The abuse room is Rm 12. Arguments are in 12A.
-K
I wonder why these guys are making fun of Rednecks... they should know it's the unemployed black men.
YouTube - Subprime Meltdown
Banker --
Suppose the M-LEC had sufficient reporting requirements. Would you still object to letting them access the discount window?
The purpose of the discount window is to implement Bagehot's dictum to respond to liquidity crises by lending freely against collateral that would be good in normal times, but at a penalty rate.
In modern times, depository institutions are not the principal source of liquidity. The Fed can pump dollars into the system and it will just wind up back in T-Bills, instead of commercial paper where it is needed.
So why not extend the discount window to provide liquidity directly where it is needed, which is not the banks themselves but the SIVs? (Again, accepting the same collateral at the same penalty a bank would have to pay.) This seems like a perfectly reasonable response to a liquidity crisis.
I guess my question is, do you have a problem with this in principle, or only because you are concerned about insufficient oversight/regulation/transparency of the M-LEC?
As a slightly off-topic aside...
Why do perma-bears only think the market is efficient when it is going down?
Perhaps the ABX indices are collapsing not because the market is finally realizing the "true worth" of the ABSes. Perhaps they are going down because the underlyings are being forcibly liquidated by SIVs under duress.

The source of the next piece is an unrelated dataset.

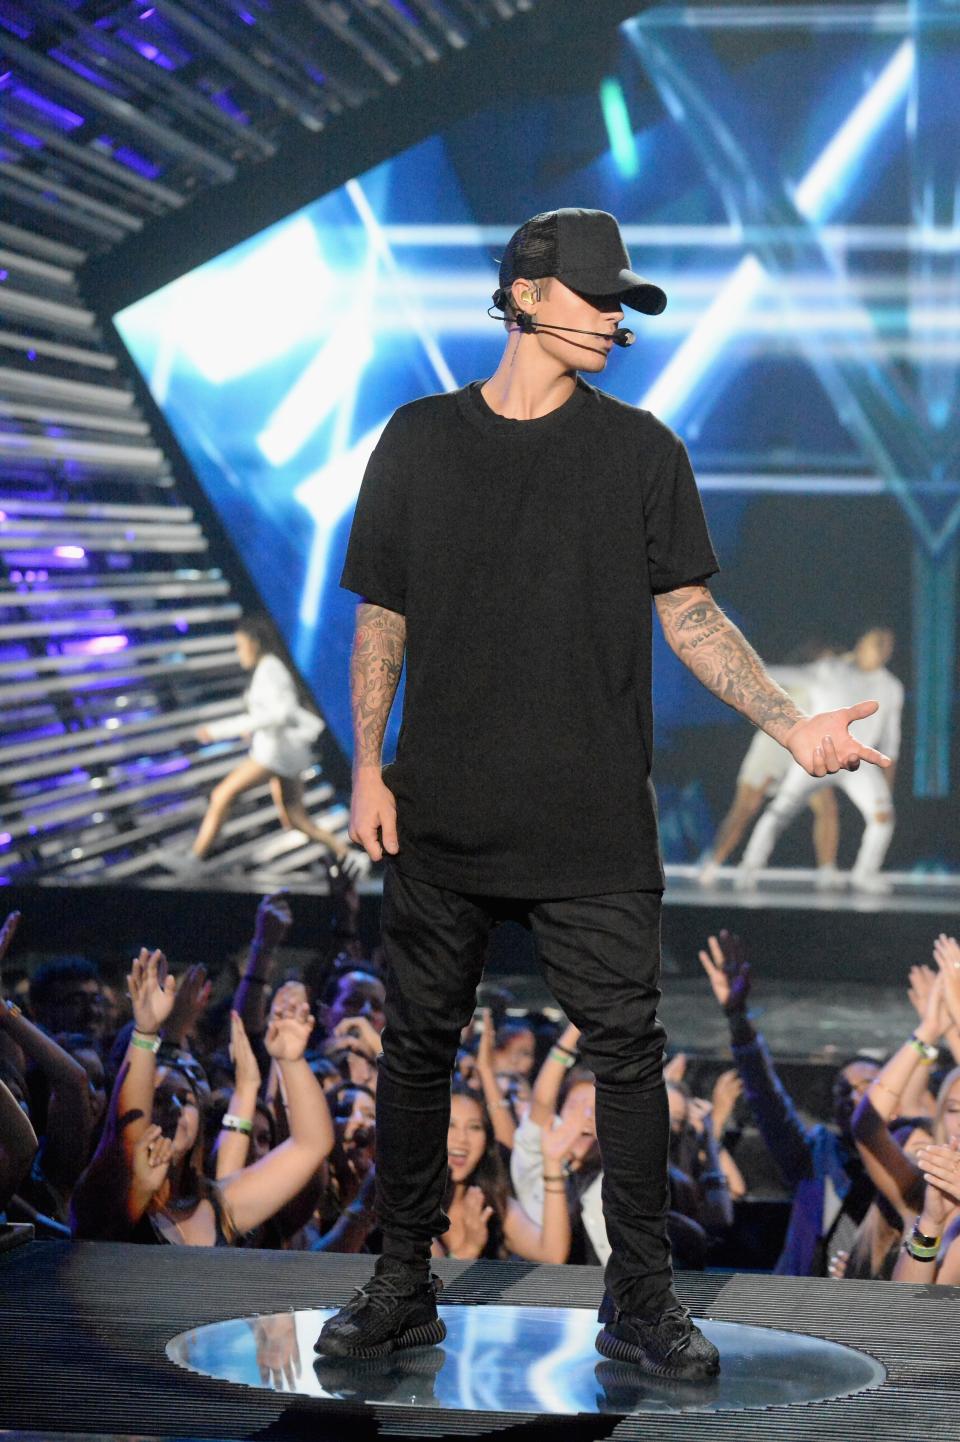 Justin Bieber performs on stage, wearing a dark t-shirt and pants, with fans reaching towards him

Evidence: Cheyne and IKB SIVs in default... There is never just one cockroach... Lots of these things are probably having trouble rolling their CP and may be dumping.
Evidence 2: T-Bill rates collapsing suggests MM funds running away from CP and into "safe" government debt.
Just a thought.
Banker,
I think this is where we stand: Under current Fed policy SIVs have indirect access through their bank sponsors to the Fed's discount window. I find this objectionable and you don't.
You feel that as long as banks have to bear the stigma of using the discount window, the Fed's indirect guarantee of support to SIVs is not a big deal.
Does it sound like I've got this right?
Nemo,
T-bill yields collapsed almost a week after the ABX plunge started. Probably the events are due to separate causes.
If the ABX collapse is a bad thing, and not the market finally getting close to equilibrium, why has it coincided with Libor absolutely plummetting? (One months from 5.12 to 4.95 yesterday and three-month from 5.24 to 5.15 yesterday)
sk
calls out a shill...
well done..
one former-banker banker basher
===============================
Very funny... but what does "black" have to do with anything? Right, other races didn't take advantage and/or always pay their mortgage.
I'm sure there's no "unemployed black men" getting mortgages in the UK
Unknown Unknown
They actually use the phrase "unemployed black man from Alabama" - I wondered whether the fact they say its AL is a let out - I just checked the pop. ratios in AL, and the ethnic composition of the unemployed there.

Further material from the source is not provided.